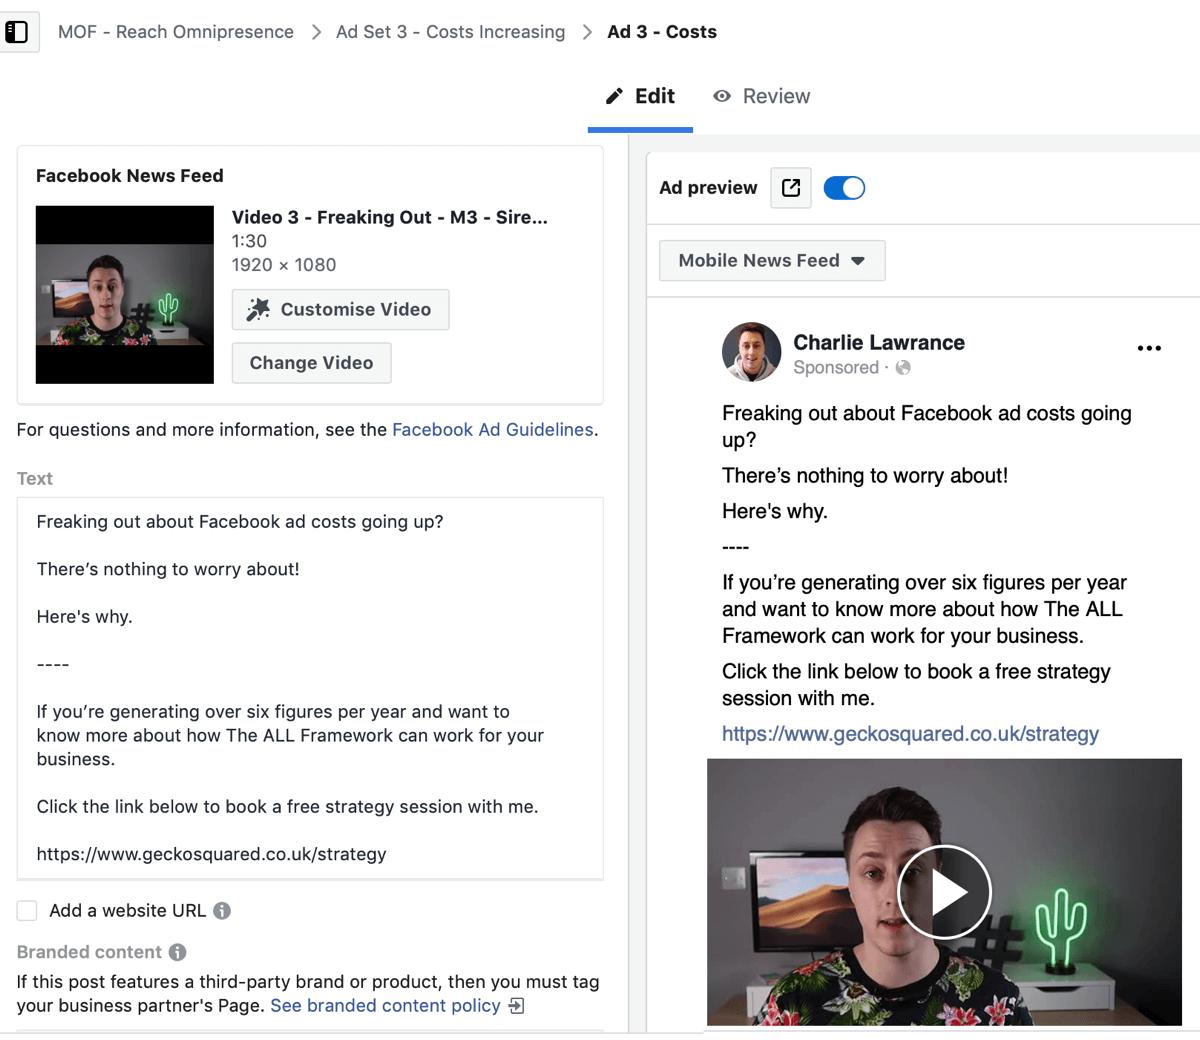 Créez une campagne Facebook pour atteindre les annonces, étape 6.
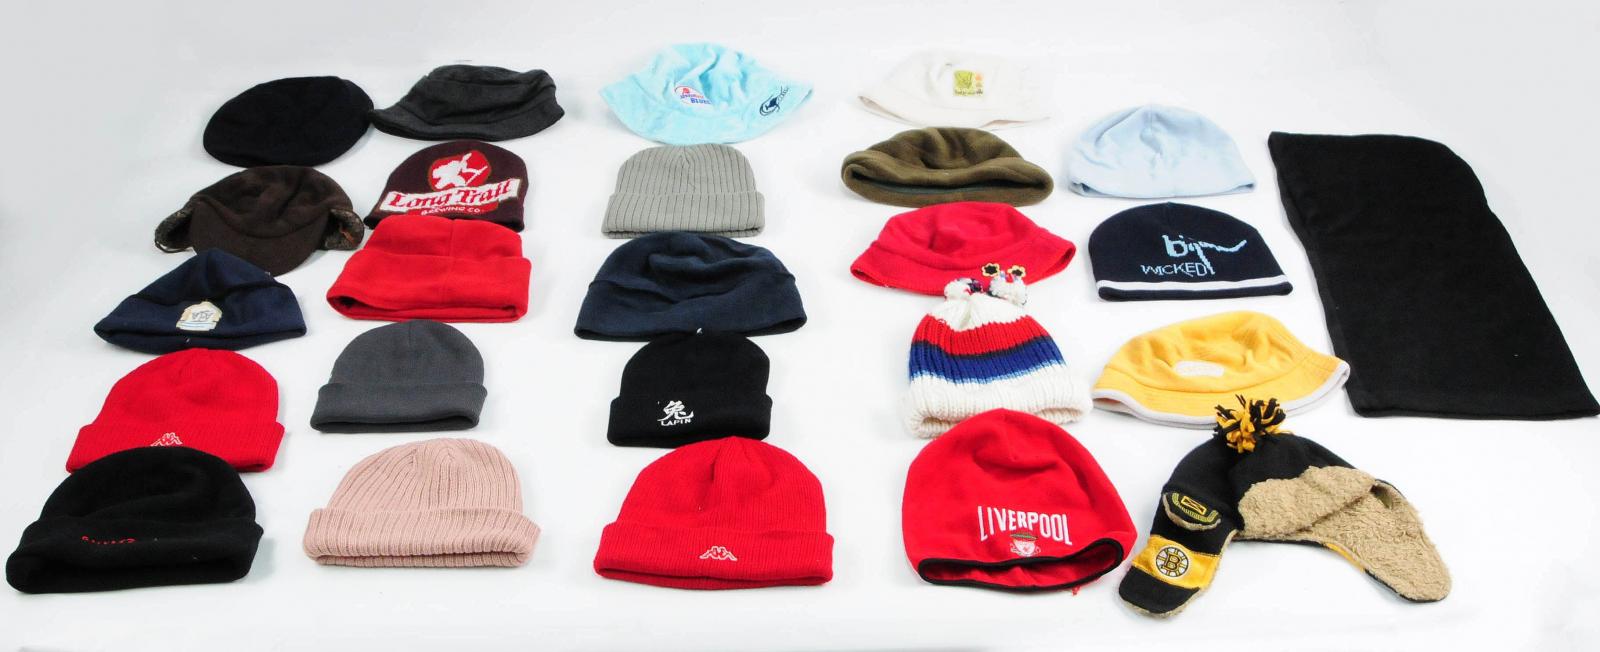 Недорогие шапки для парней и девушек оптом
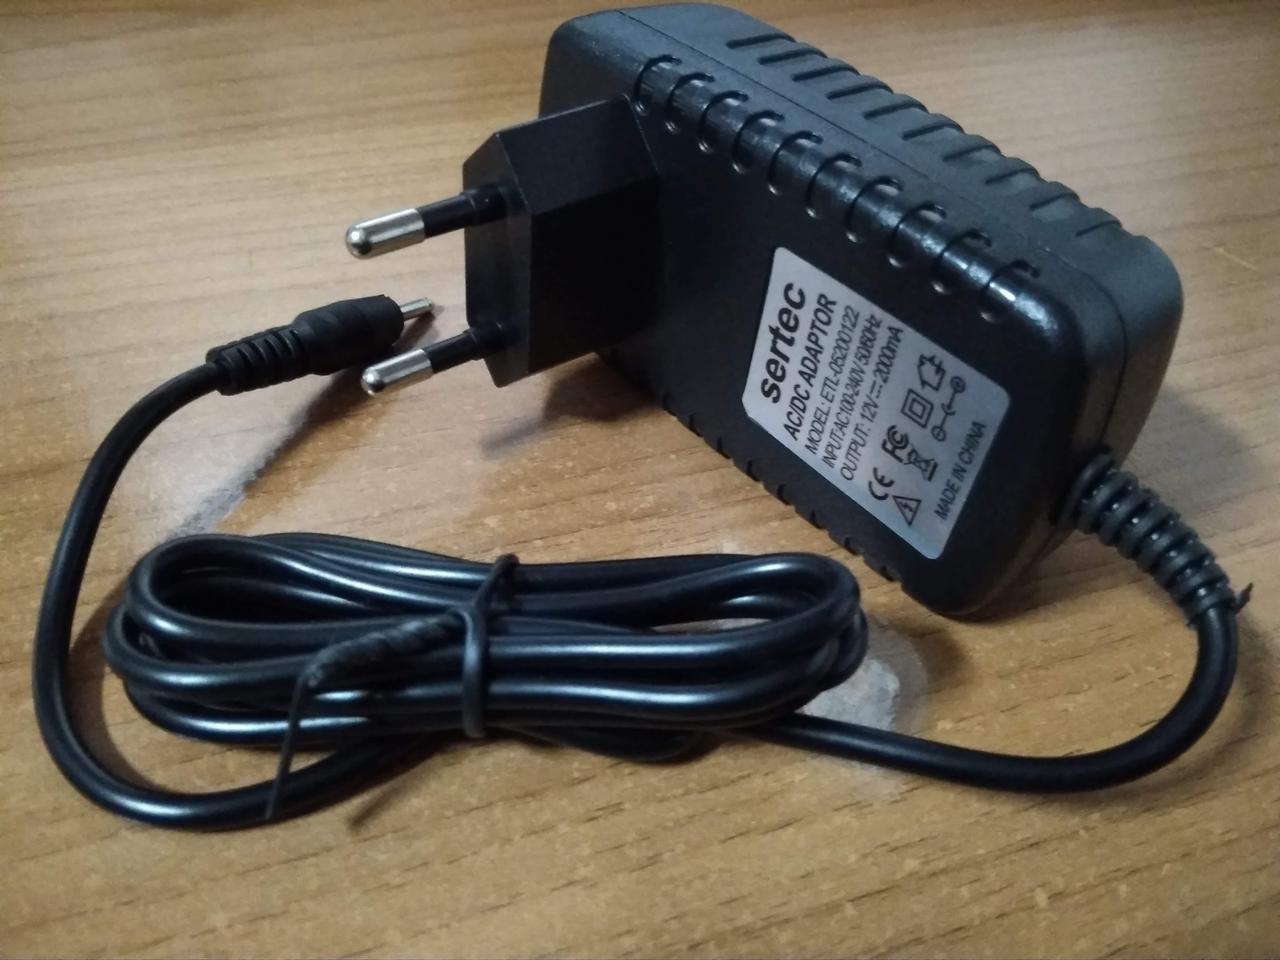 Сетевое зарядное устройство для планшетов 12 вольт 2а 2.5 / 0.7мм

◆ ACTION ITEM ◆
Return the material in full and unaltered, minus its pictures.

◆ OUTPUT OF THE TASK ◆
 Créez une campagne Facebook pour atteindre les annonces, étape 6.
 Недорогие шапки для парней и девушек оптом
 Сетевое зарядное устройство для планшетов 12 вольт 2а 2.5 / 0.7мм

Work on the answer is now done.